Supplied material:
□ □ □

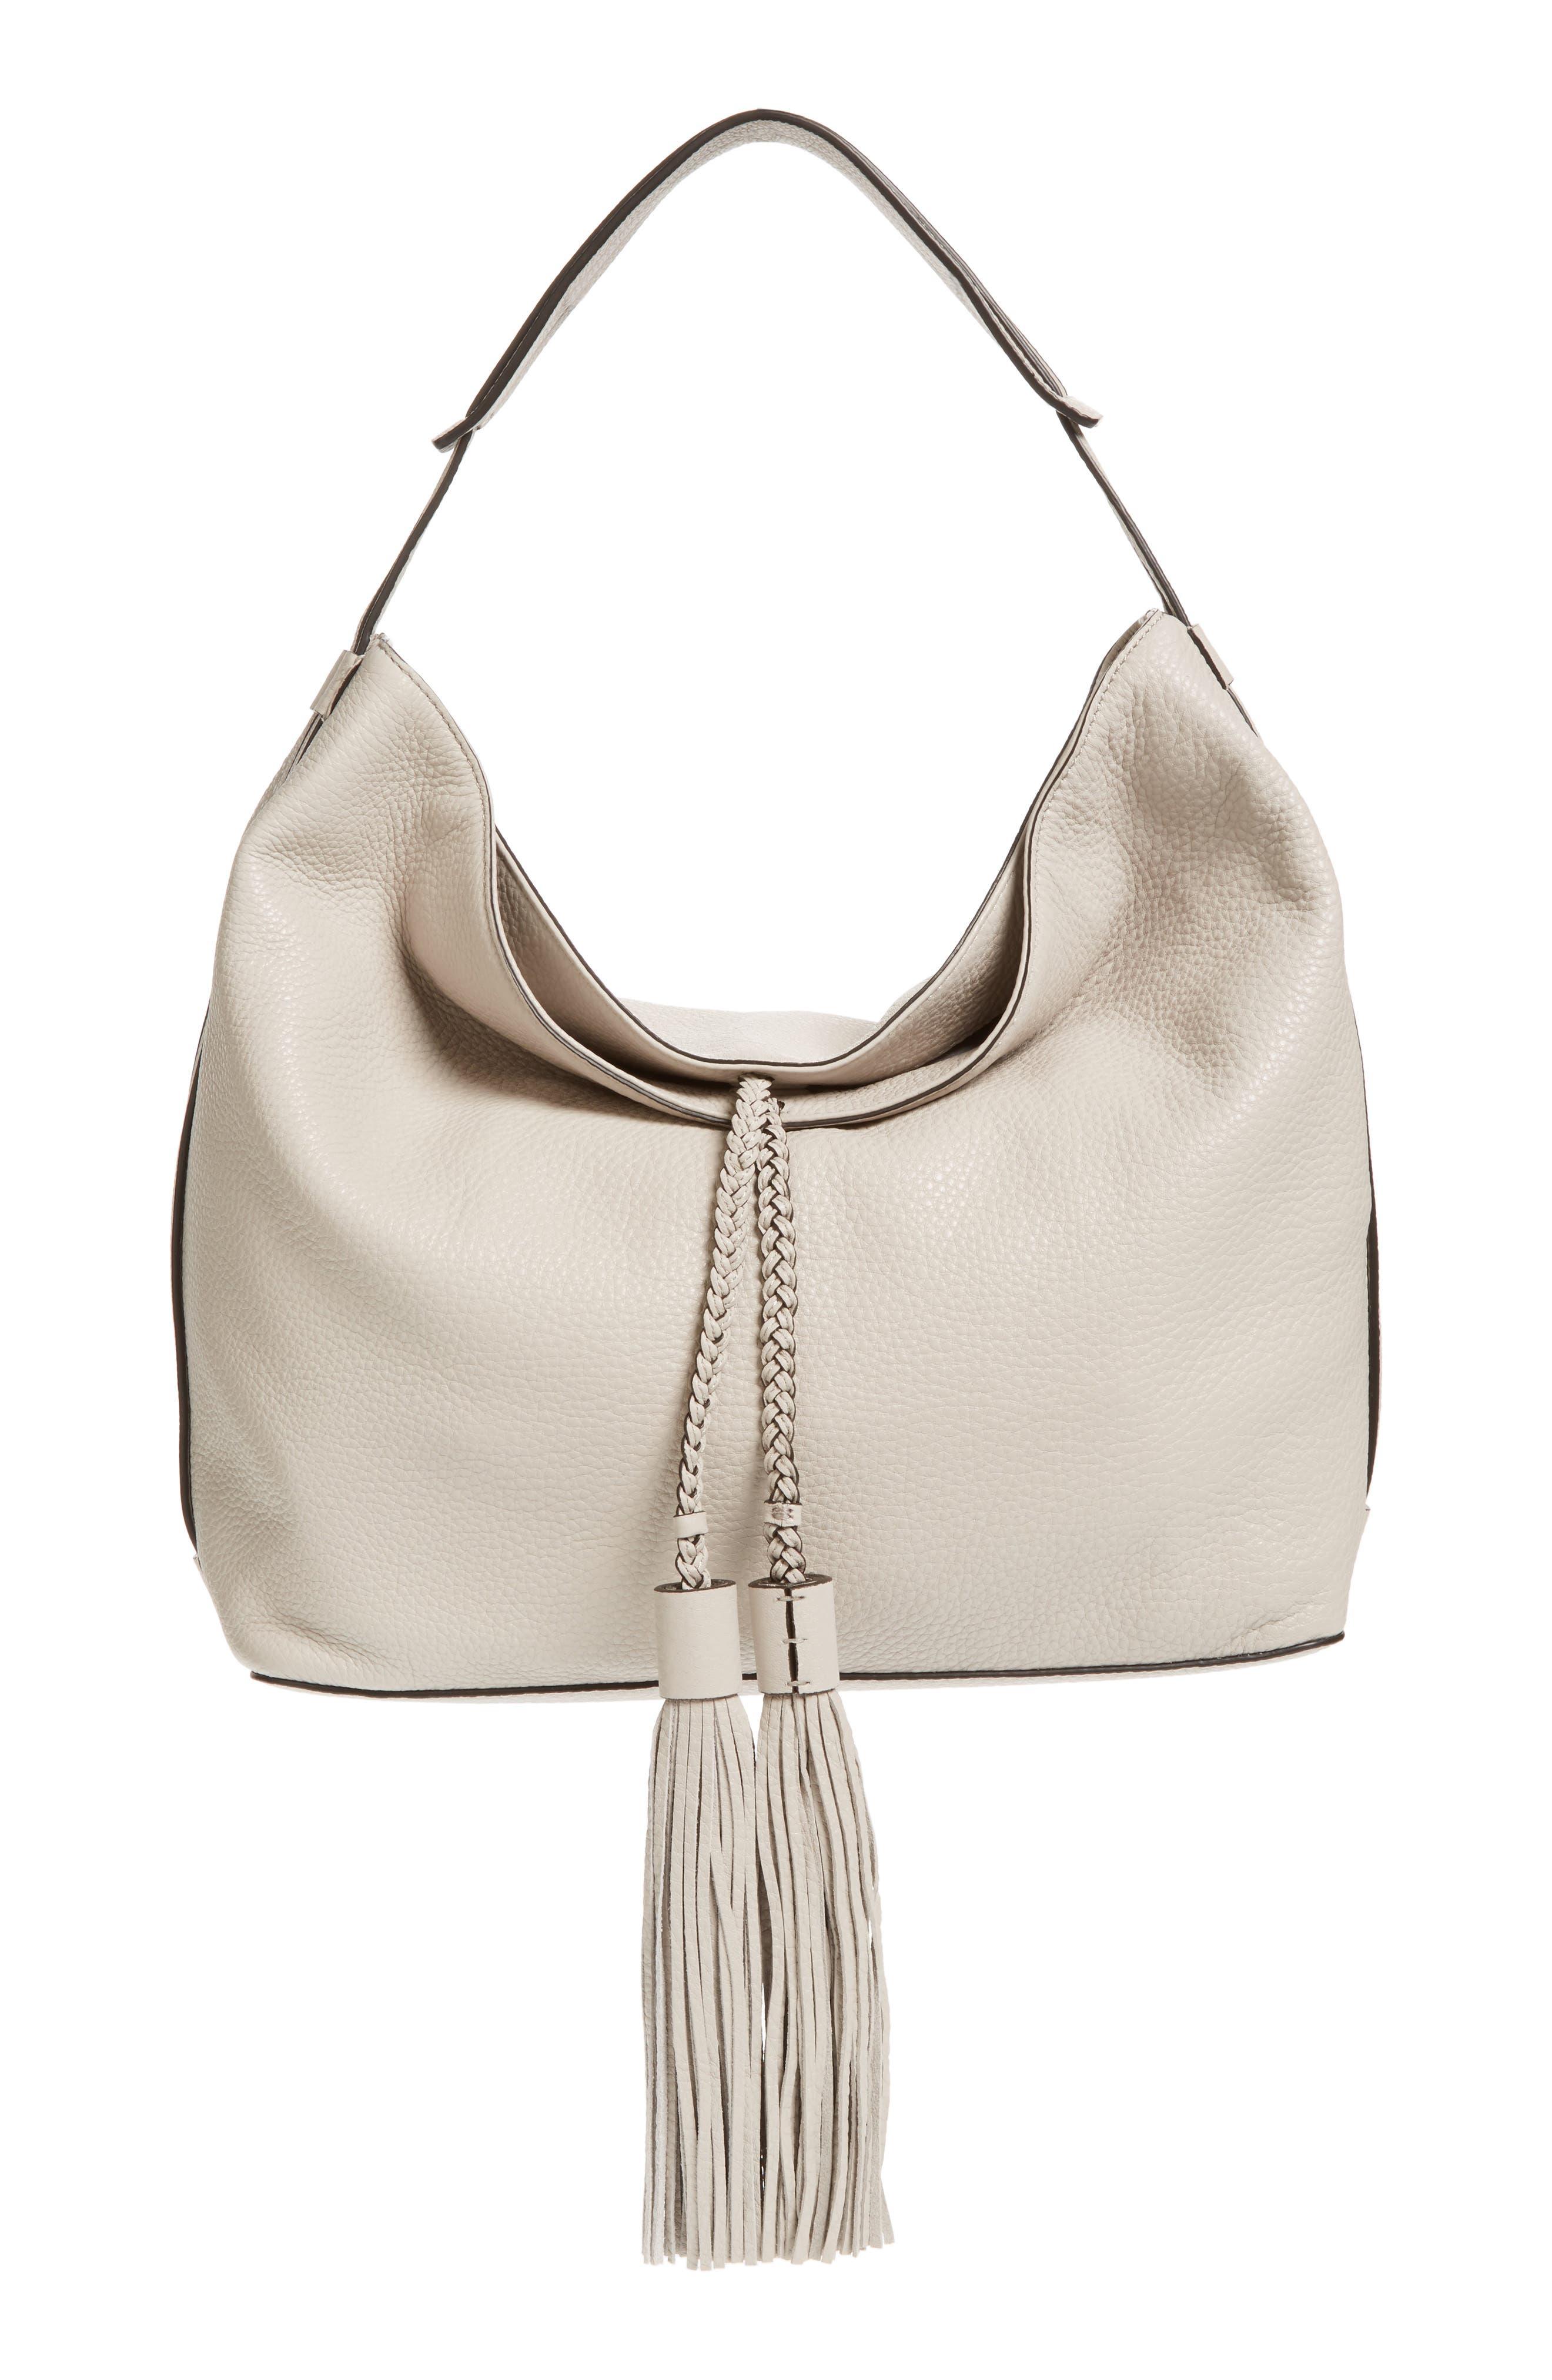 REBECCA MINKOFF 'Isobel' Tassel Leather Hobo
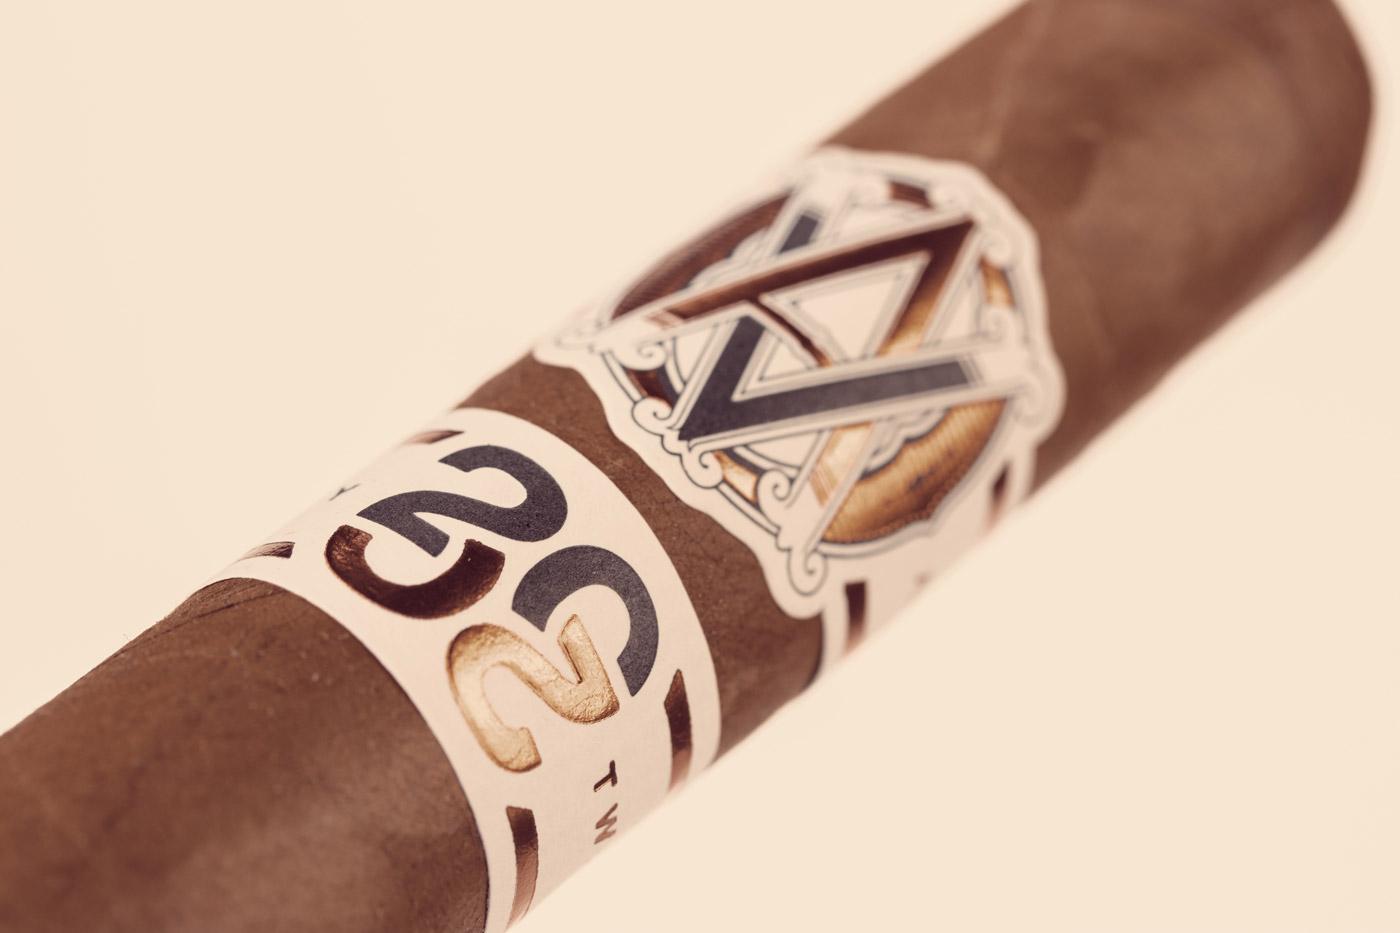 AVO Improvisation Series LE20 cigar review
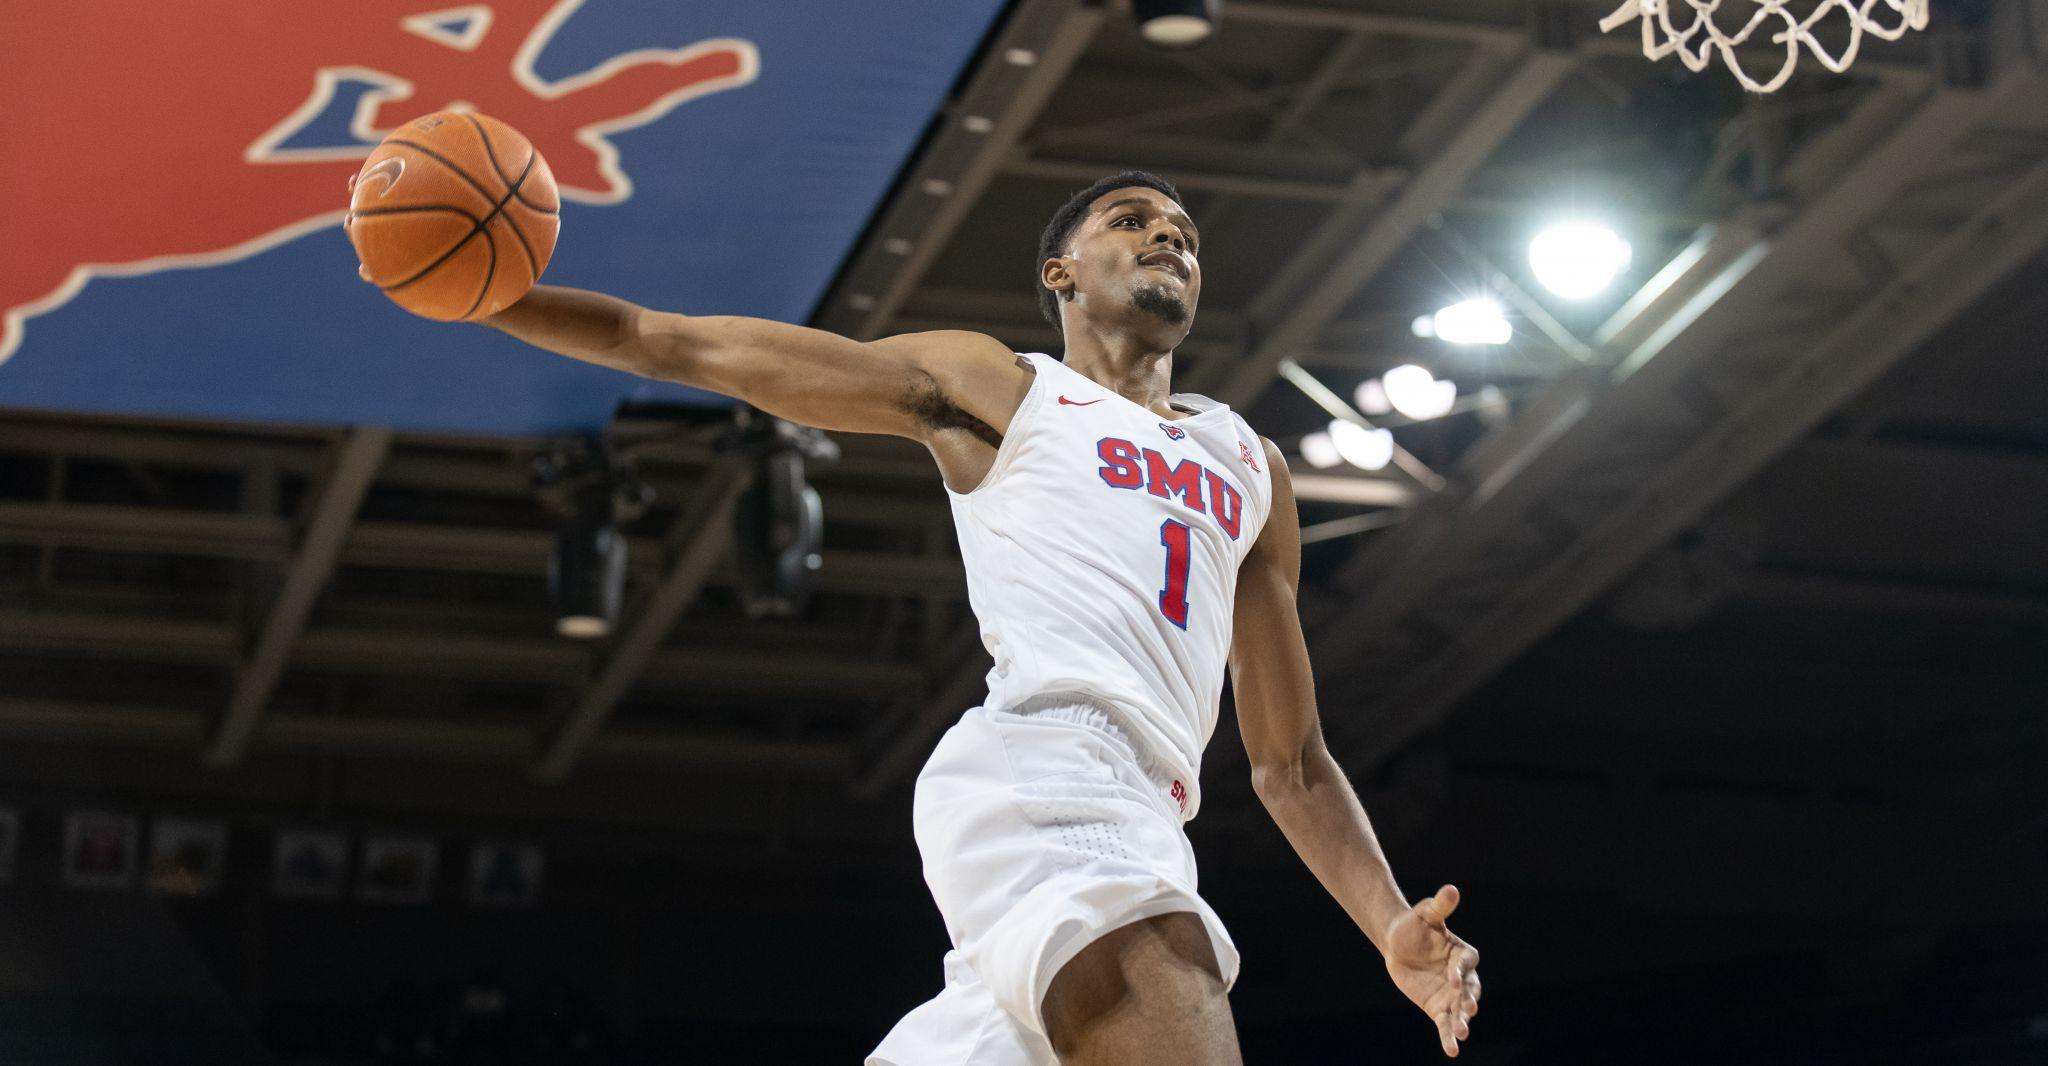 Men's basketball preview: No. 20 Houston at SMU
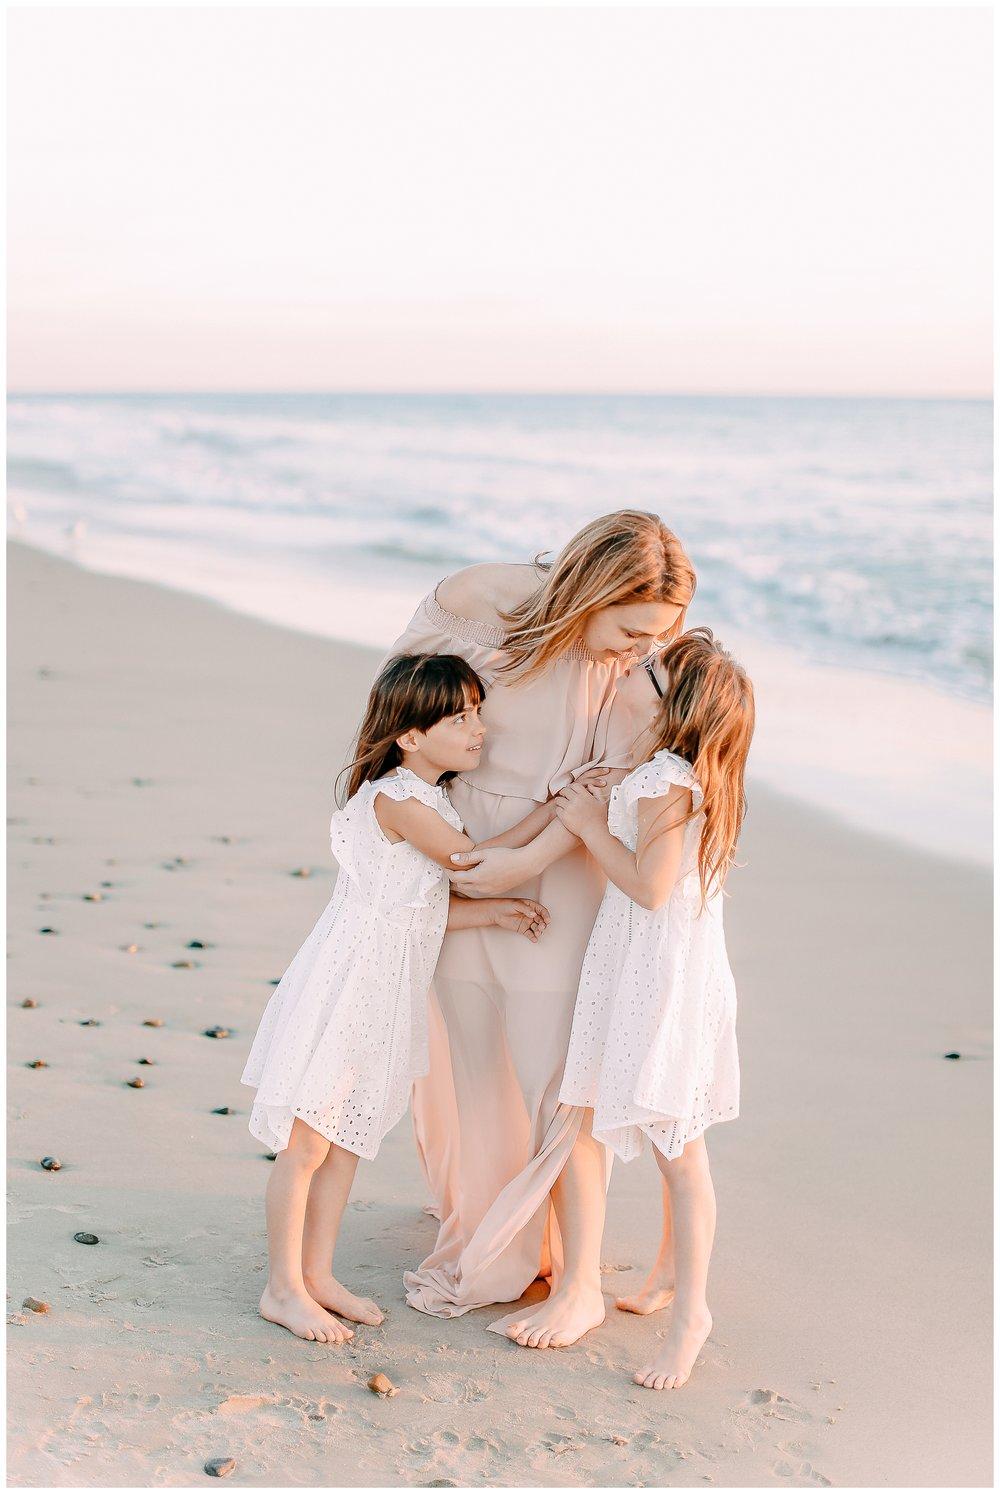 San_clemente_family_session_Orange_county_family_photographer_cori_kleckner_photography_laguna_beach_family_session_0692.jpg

□ □ □

Task to complete: Every line of the material must be repeated exactly; pictures stay out.

Result of the exercise:
 REBECCA MINKOFF 'Isobel' Tassel Leather Hobo
 AVO Improvisation Series LE20 cigar review
 Men's basketball preview: No. 20 Houston at SMU
 San_clemente_family_session_Orange_county_family_photographer_cori_kleckner_photography_laguna_beach_family_session_0692.jpg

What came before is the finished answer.